* **Source data**:
______________________________
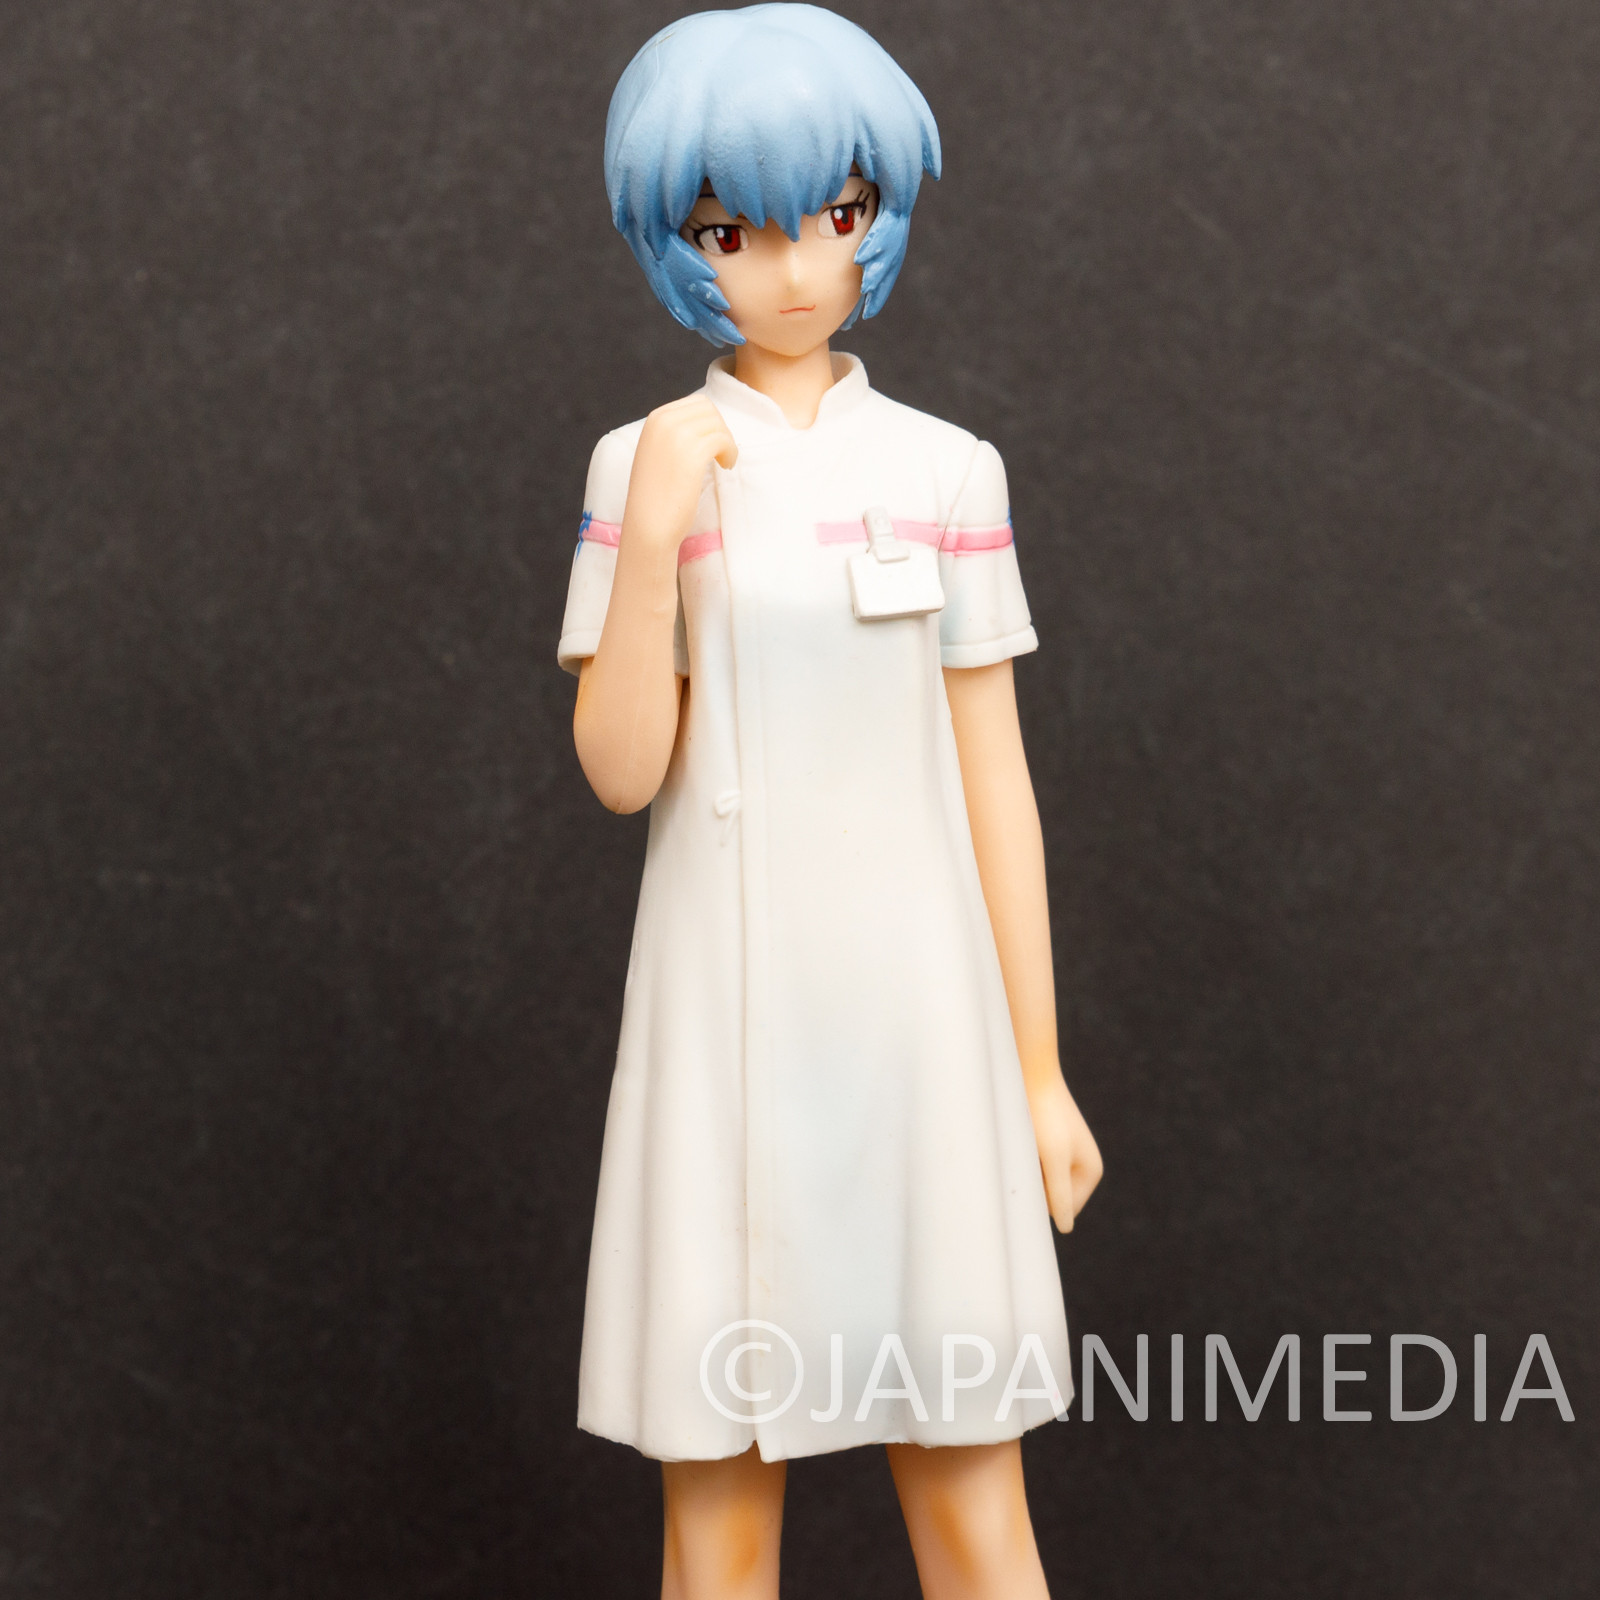 Evangelion Rei Ayanami White One Piece Portraits Figure Series 4 BANDAI JAPAN
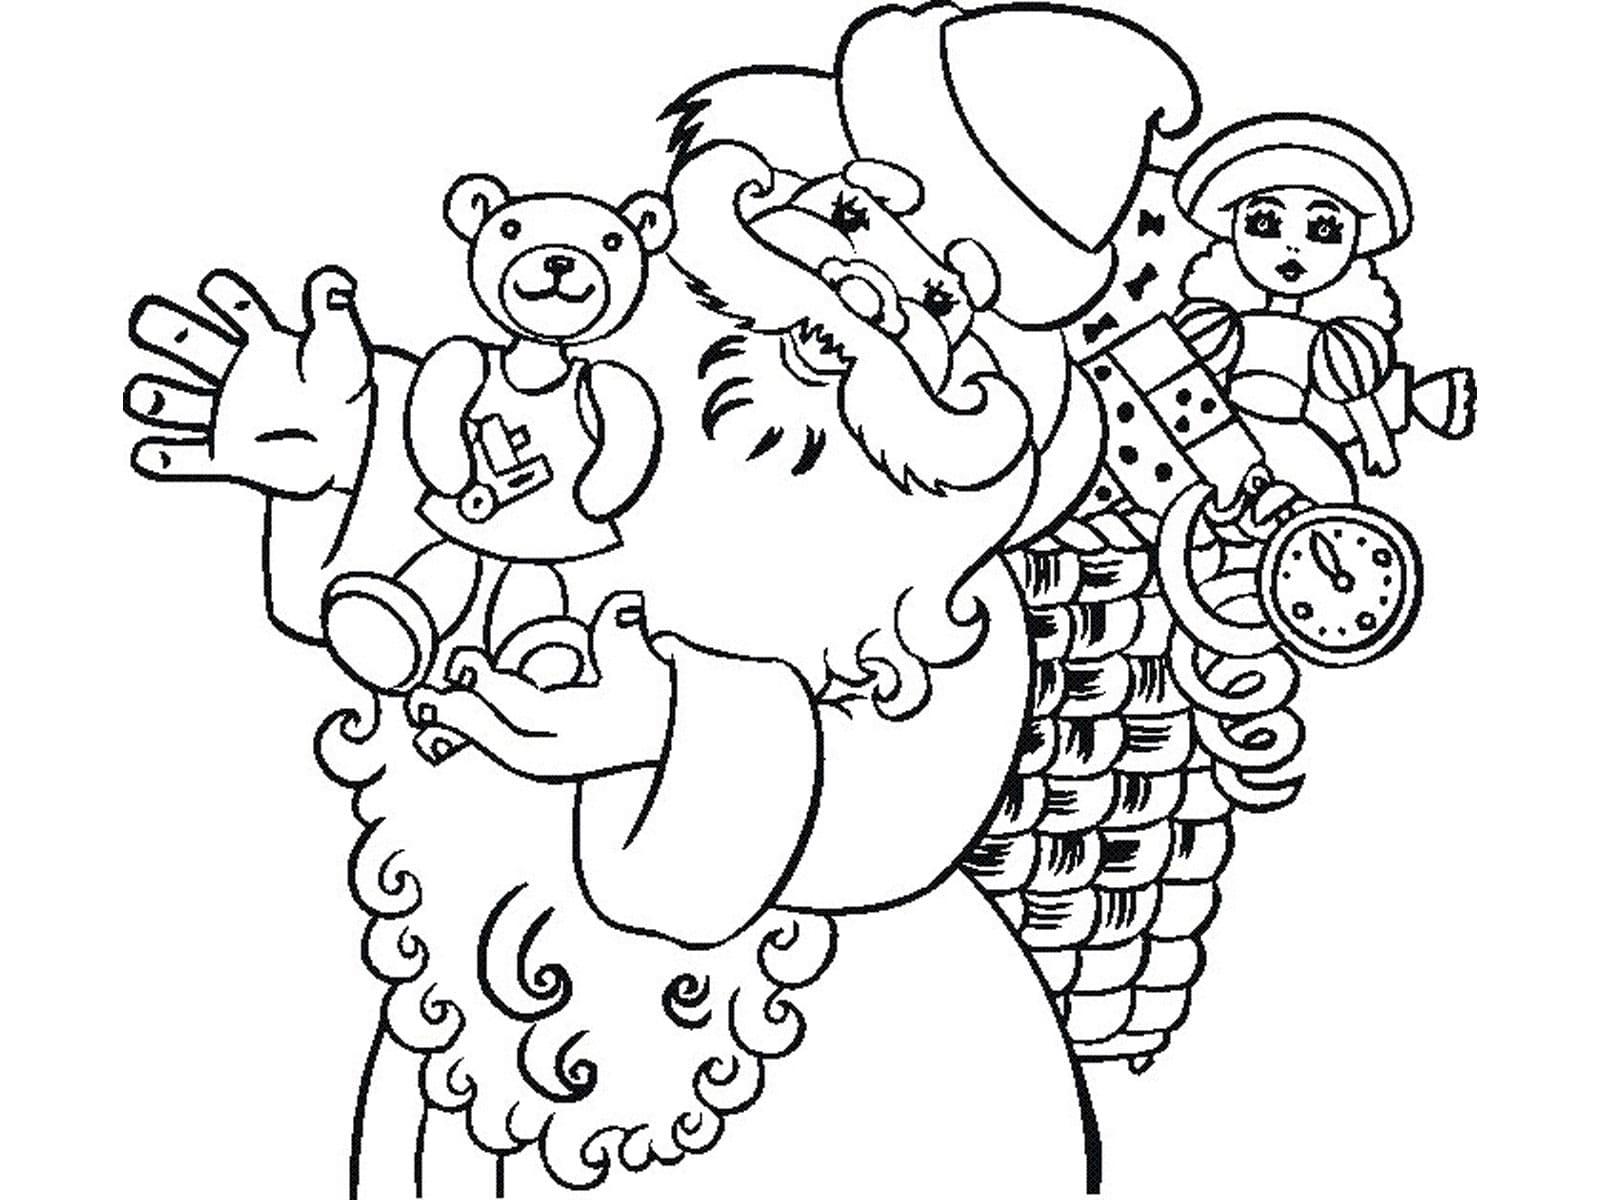 Дед мороз и снеговик картинки раскраски, днем рождения
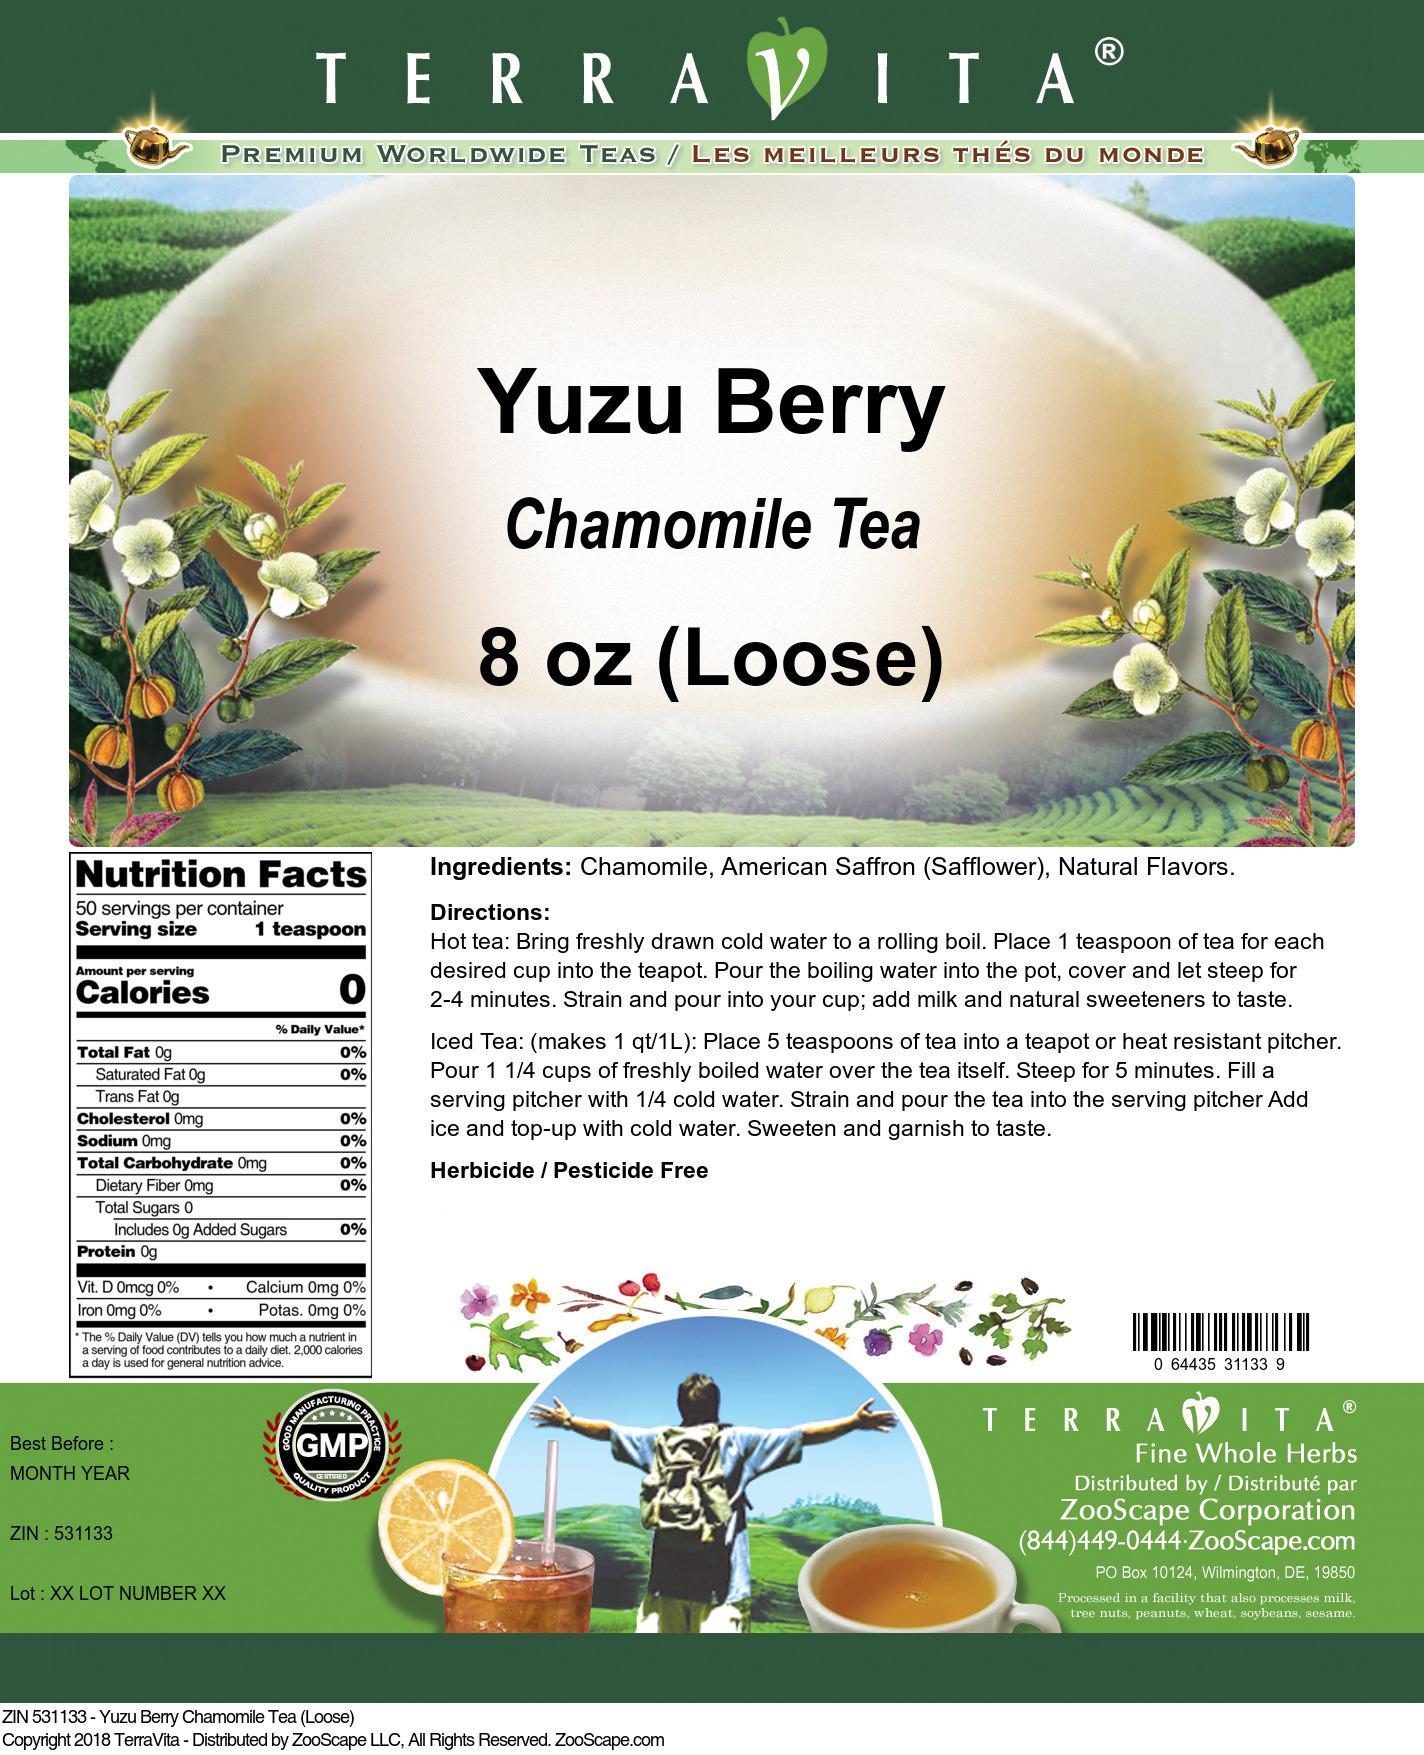 Yuzu Berry Chamomile Tea (Loose)
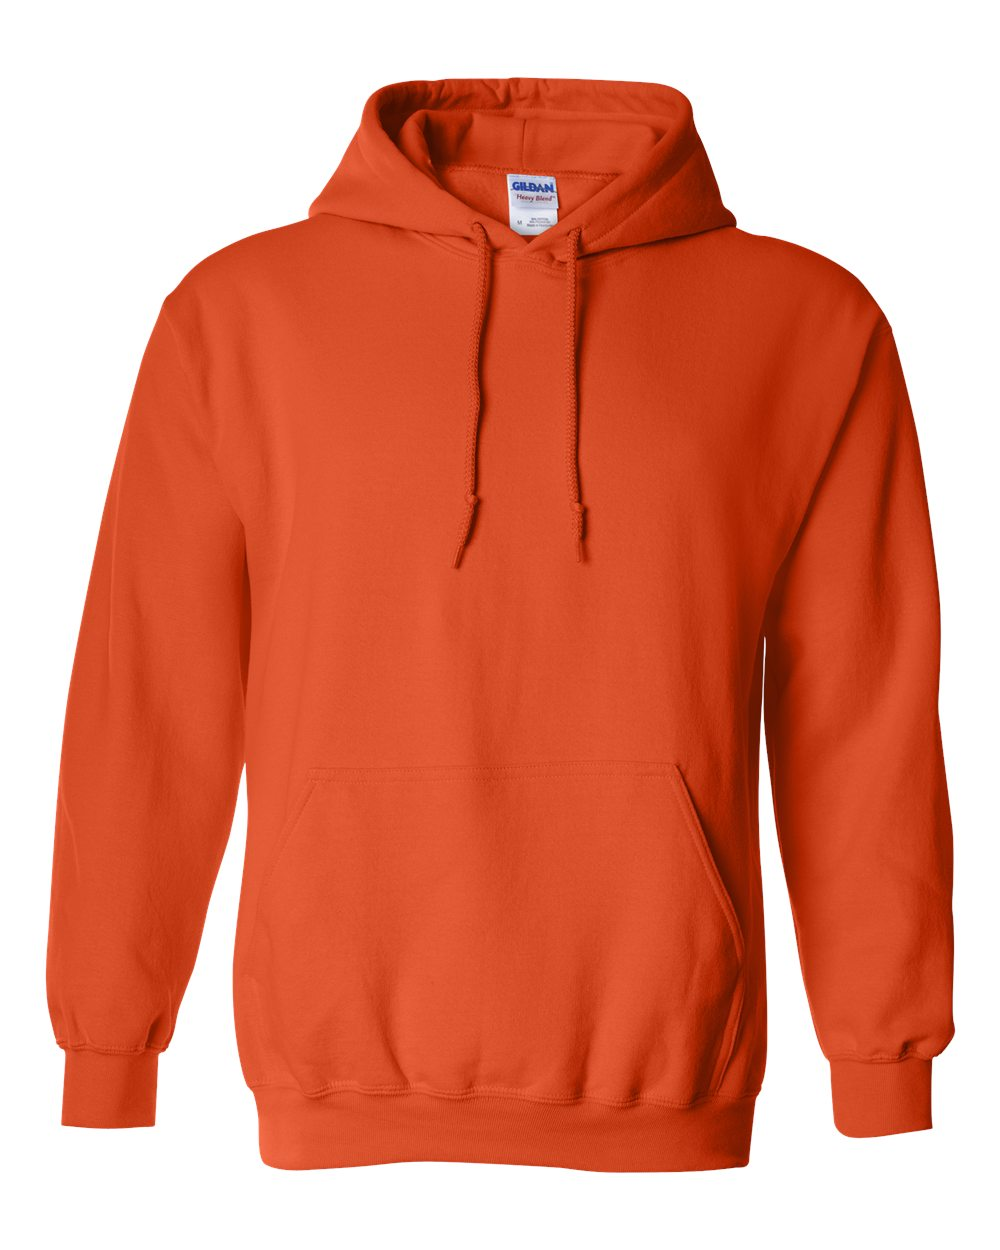 Gildan-Mens-Blank-Hoodie-Heavy-Blend-Hooded-Sweatshirt-18500-up-to-5XL thumbnail 36
______________________________
* **Instructions for the task**:
Skipping all images, print the data above a second time exactly.

* **Result for this task**:
 Evangelion Rei Ayanami White One Piece Portraits Figure Series 4 BANDAI JAPAN
 Дед мороз и снеговик картинки раскраски, днем рождения
 Yuzu Berry Chamomile Tea (Loose)
 Gildan-Mens-Blank-Hoodie-Heavy-Blend-Hooded-Sweatshirt-18500-up-to-5XL thumbnail 36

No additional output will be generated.